Qunhua Li
Protein identification using mass spectrometry is a high-throughput
way to identify proteins in biological samples. In this talk, we use
statistical approaches to model two key steps in this process, namely,
identifying peptides from mass spectra using protein database search
and identifying proteins from putative peptide identifications. Both
problems are featured by high-dimensional data and low signal-to-noise
ratio.
For the problem of peptide identification, we developed a
likelihood-based algorithm based on a latent variable model, which
measures the likelihood that the observed spectrum arises from the
theoretical spectra predicted from each peptide contained in a protein
database. By carefully modeling the noise structure, our probability
model takes account of multiple sources of noise in the data and
extract some of the subtle signals which other methods miss. In
addition, our likelihood-based approach also provides natural measures
for assessing the uncerteinty of each identification.

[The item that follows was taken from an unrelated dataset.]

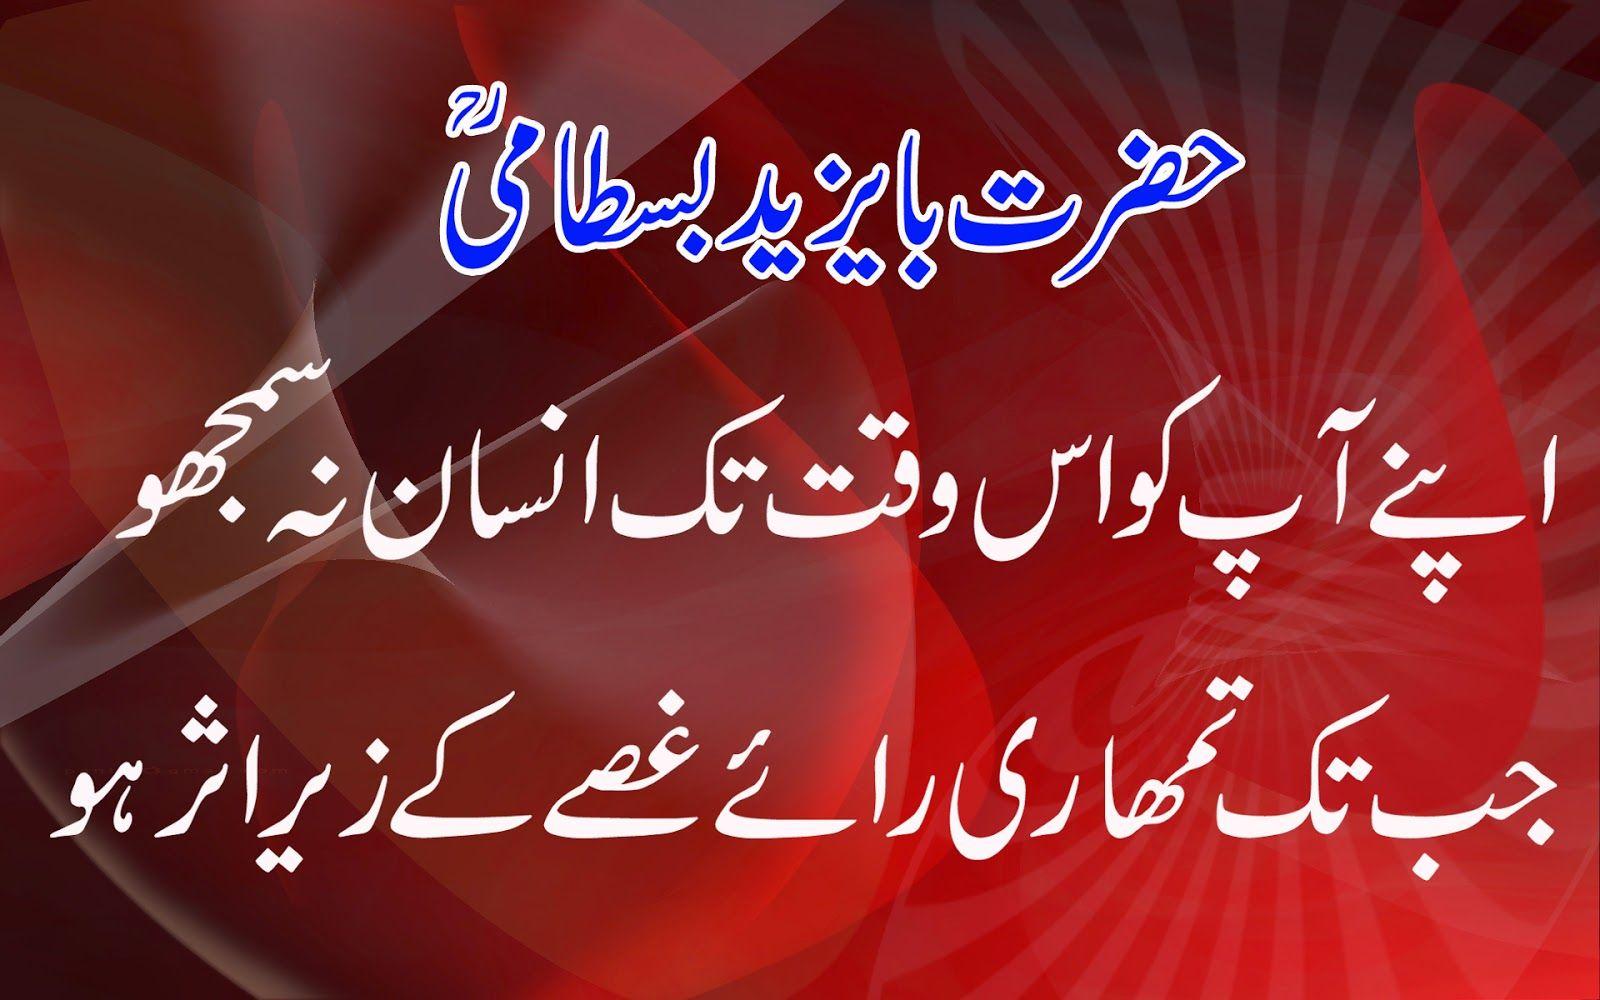 Hazrat Ba-Yazeed Bastami Aur Padri urdu book pdf download
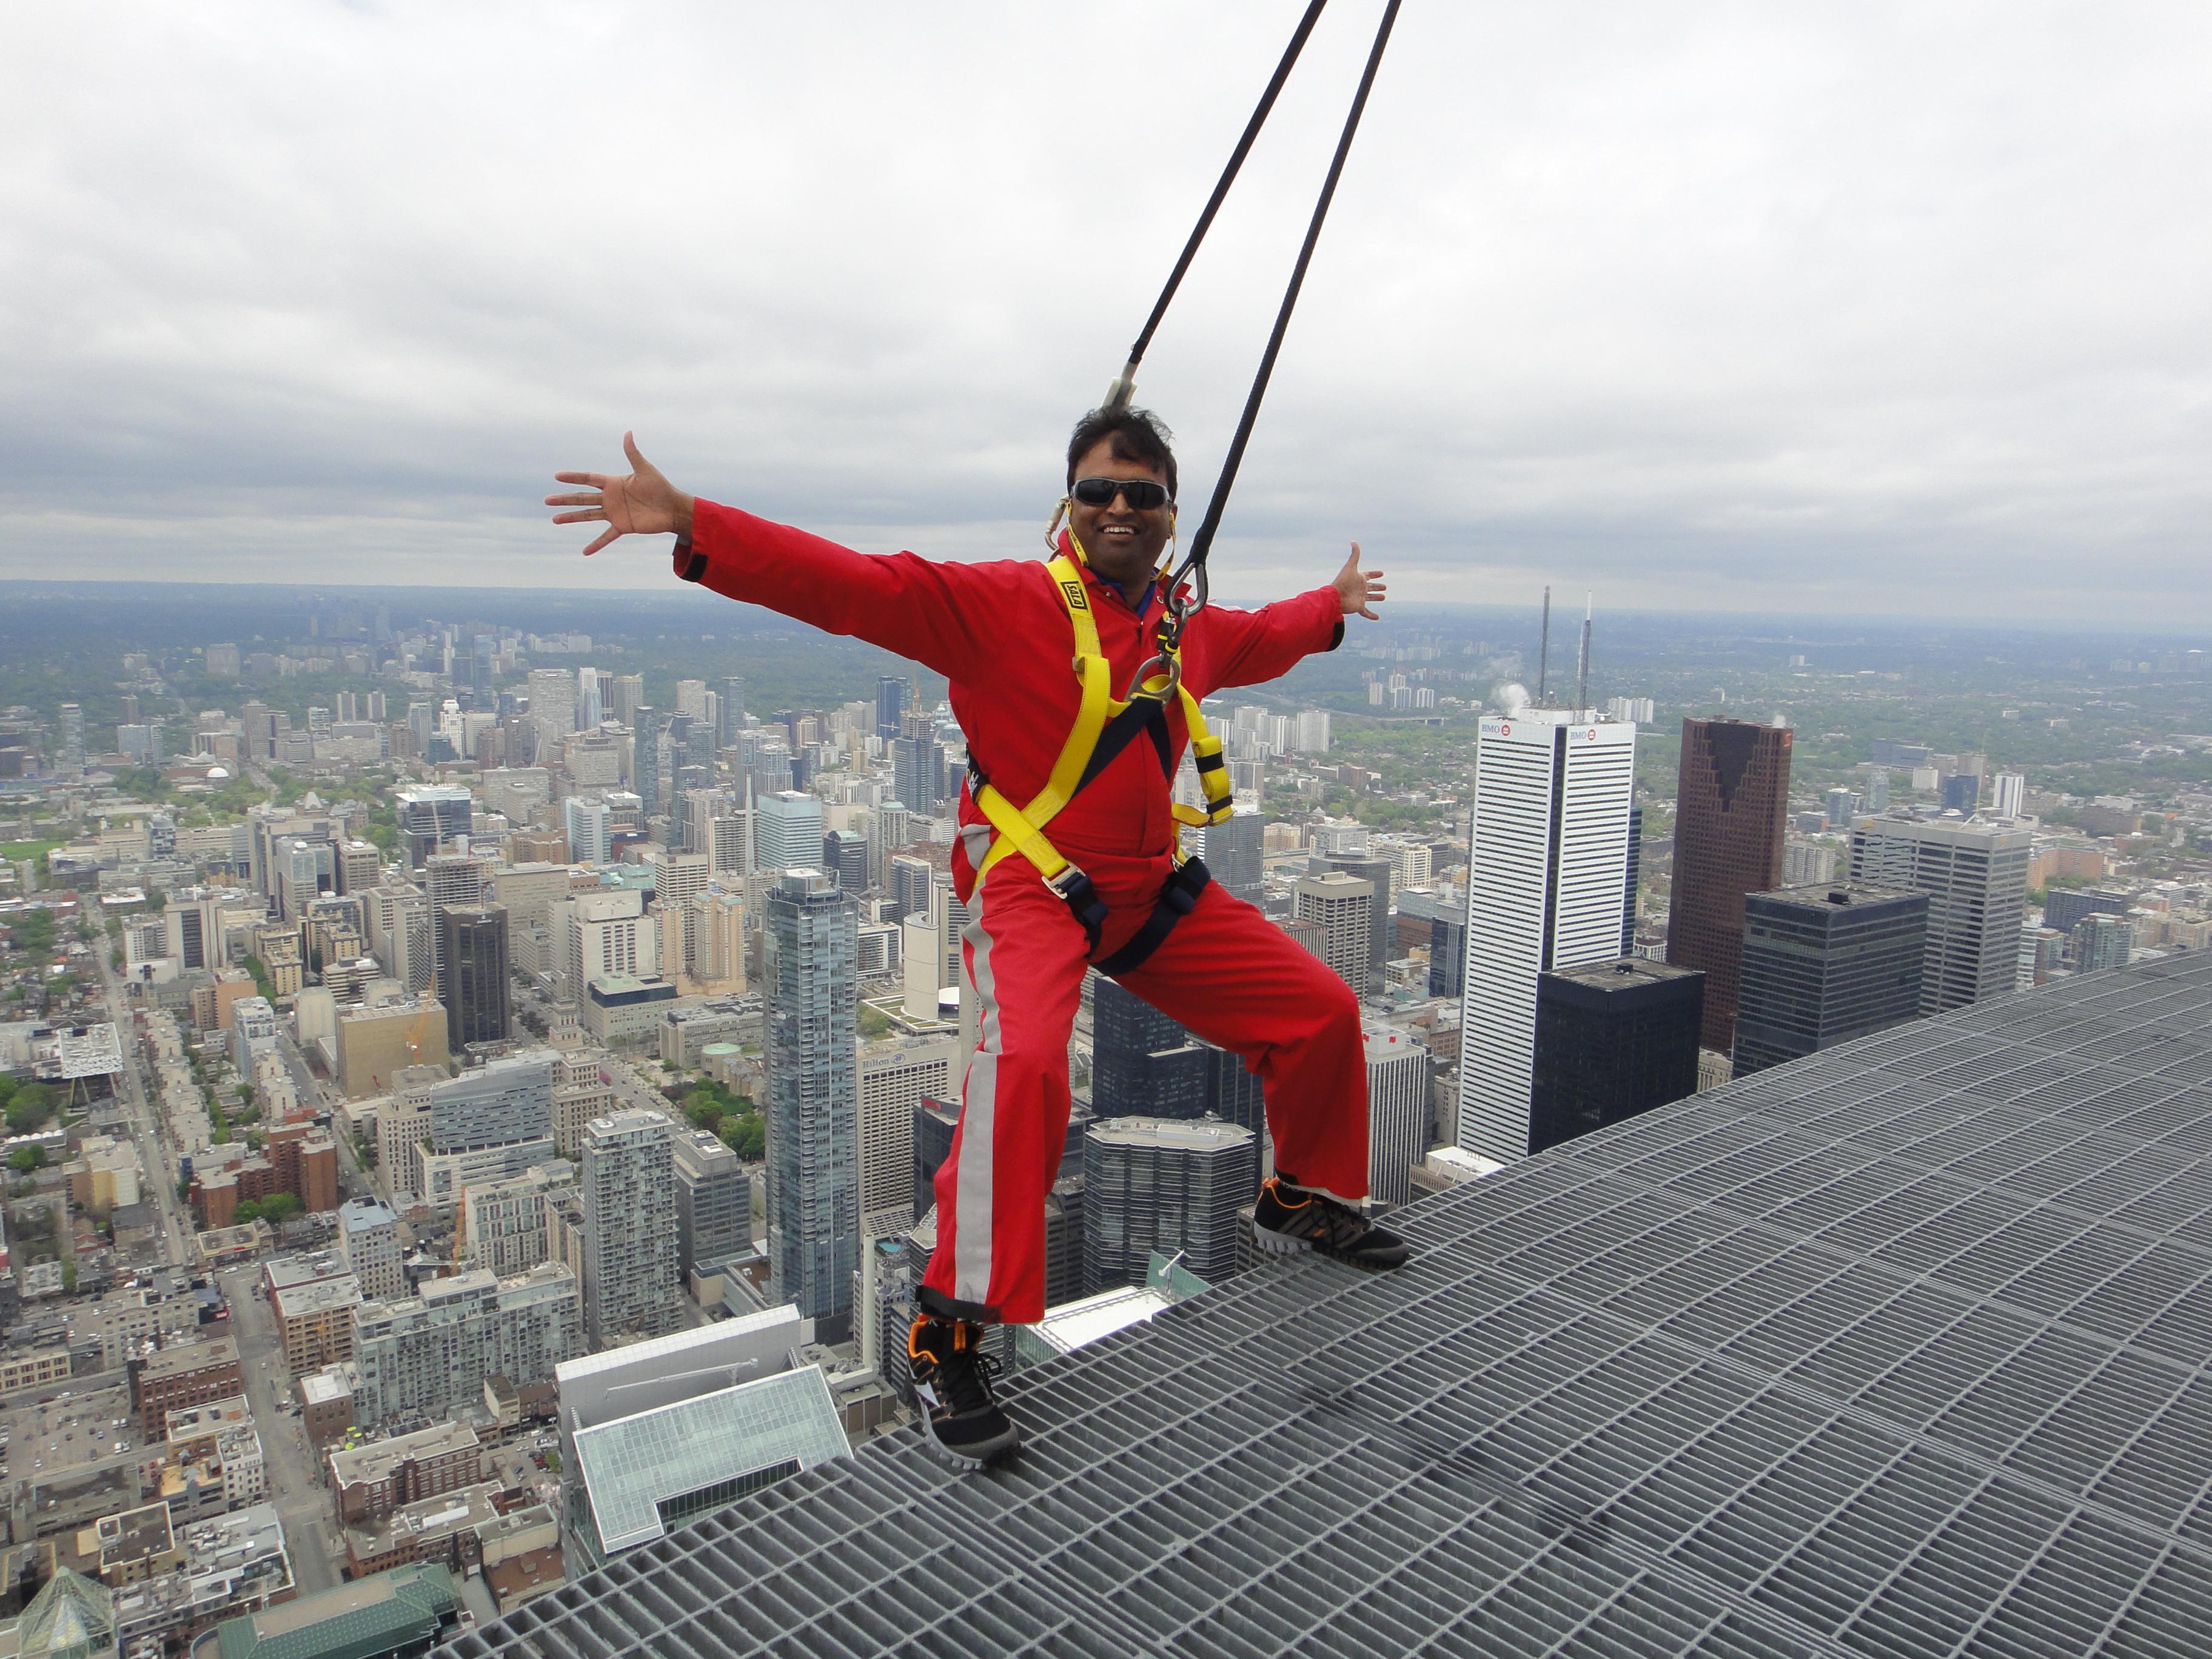 Edgewalk @ CN Tower, Toronto - Summer of 2013

The task of protein identification essentially is to assess the
evidence of presence for proteins constructed from putative peptides
identifications. We develop an unsupervised protein identification
algorithm based on a nested mixture model, which incorporates the
evidence feedback between peptide level and protein level. Our model
essentially is a model-based clustering method, which jointly
validates the correctness of peptide identification and infers the
evidence of presence of proteins by simultaneously clustering the
labels of peptides and proteins. Using a yeast dataset, we show that
our method has a competitive performance over leading products on
protein identification and peptide validation.